Cooking with an efficient oven in Uganda
In Uganda, the Rocket Stove has become popular. It's built out of clay and has a chimneyImage: GTZ / Karin Desmarowitz


Until now, only four stove projects have registered globally for emissions trading; 13 others projects are currently being evaluated by independent bodies on behalf of the CDM advisory board. But many more projects are needed because, as the GTZ has noted, efficient stoves and ovens have not yet achieved the global breakthrough that the United Nations once hoped for.

The UN millennium development goals agreed on in 2000 aimed to reduce the number of people still using traditional cooking methods by half. But in order to reach this goal, some 500,000 modern stoves would have to be introduced each day – a utopian number.
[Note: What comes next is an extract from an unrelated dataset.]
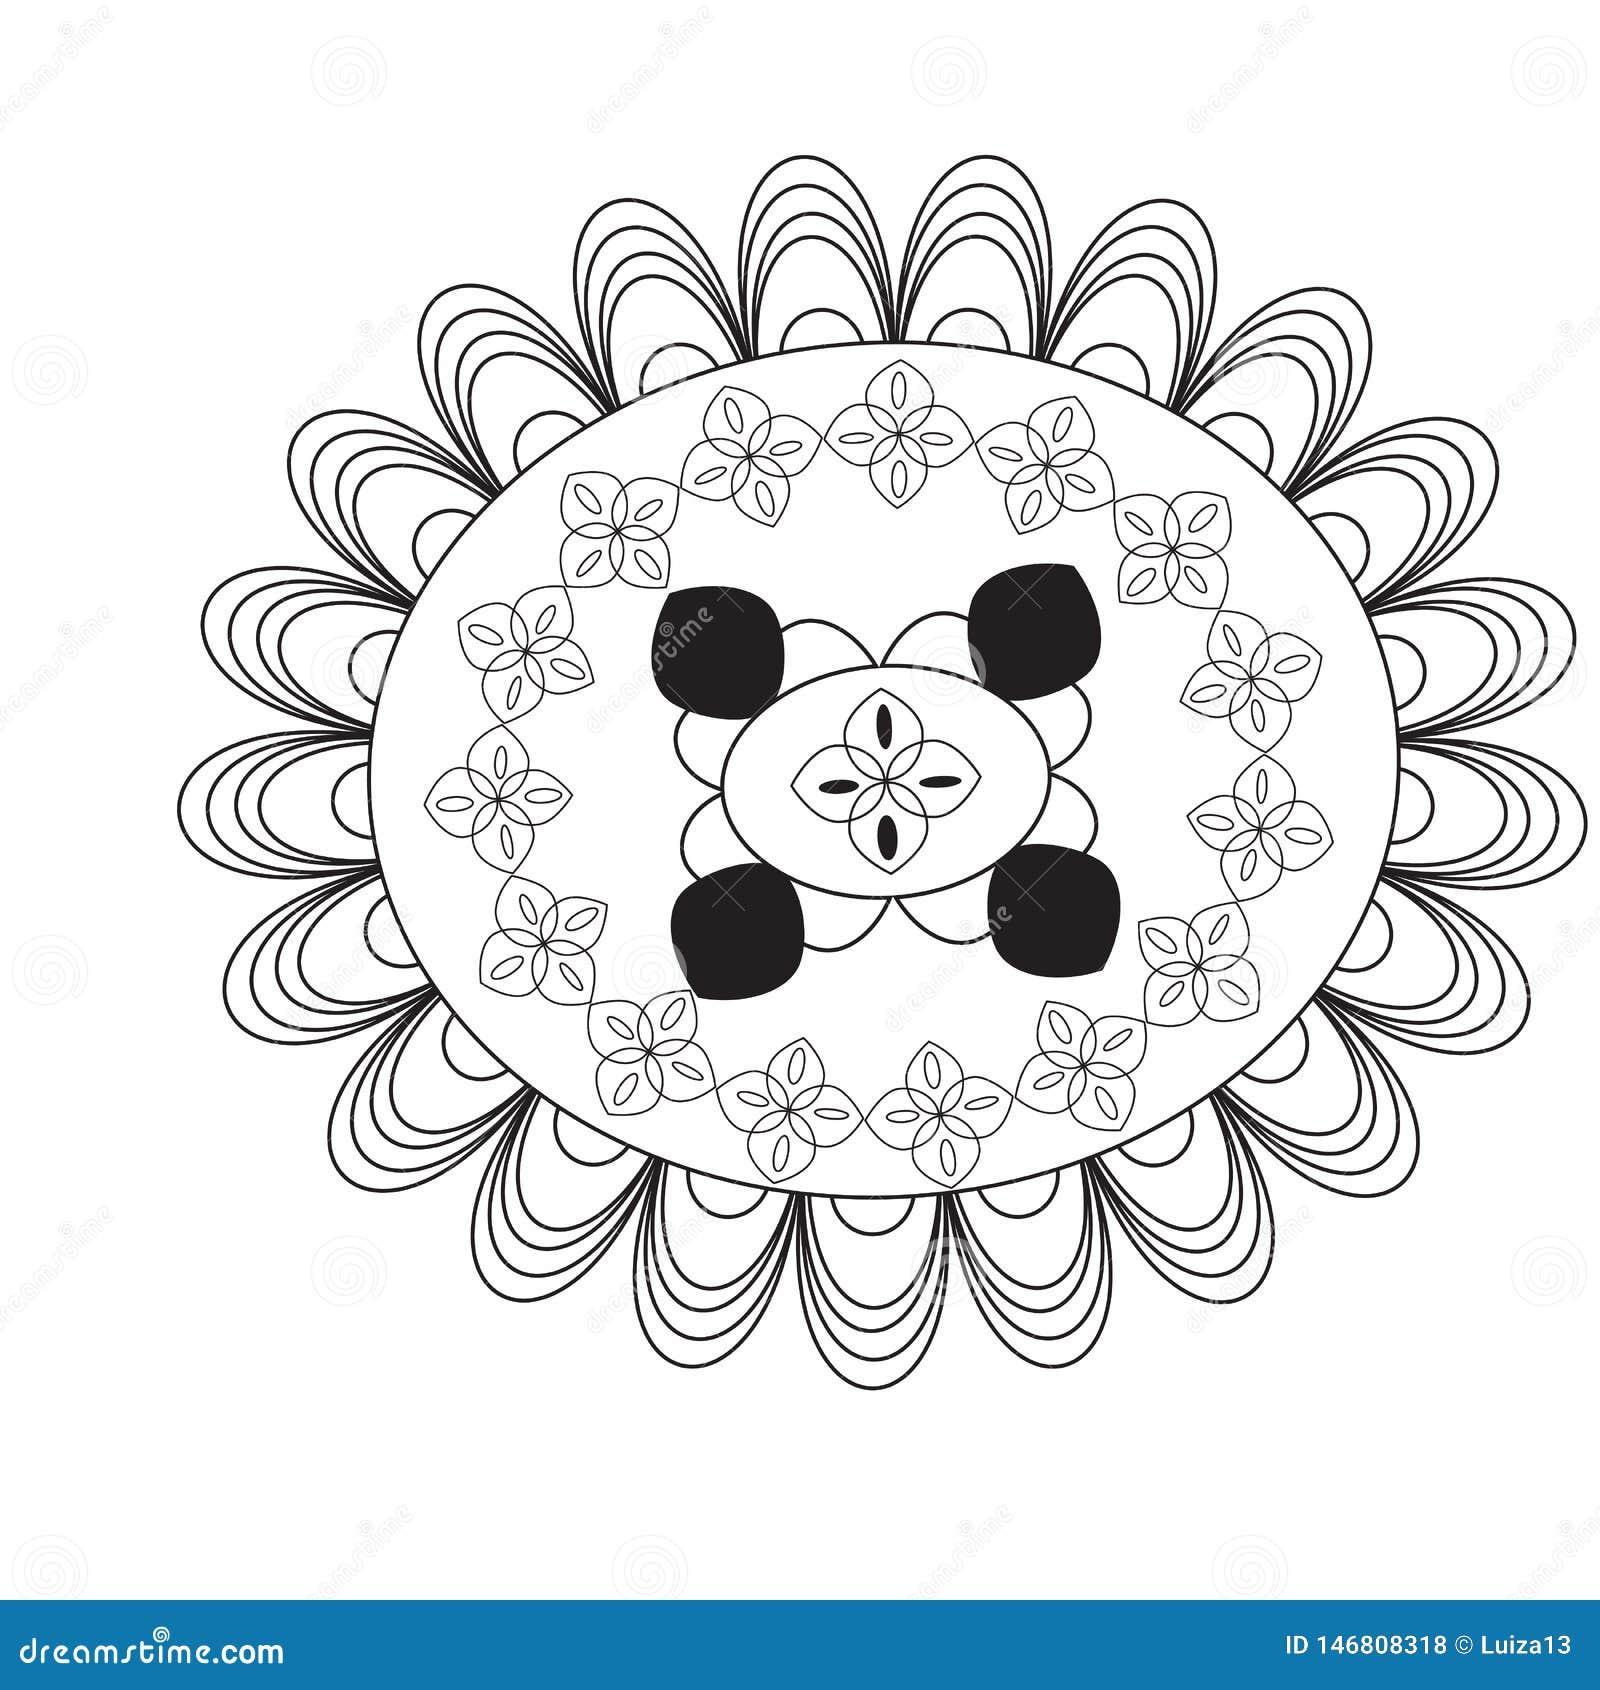 Bloem Mandala Uitstekende decoratieve elementen Oosters patroon, vectorillustratie Mandala kleurende pagina cirkel

Despite this, development workers are hopeful. Through the measures put in place by the CDM, large sums of money from private investors can finally be made available, turning efficient stoves and ovens into mass market products.

"We have to see now, what the effects of the latest CDM business have been," said Brinkmann. "But it seems clear that it offers new development potential to efficient cooking methods."

That's also the goal of the private UN foundation that will found the "Global Alliance for Clean Ovens" at the end of March. It aims to provide 50 million new units to developing countries in the next five years.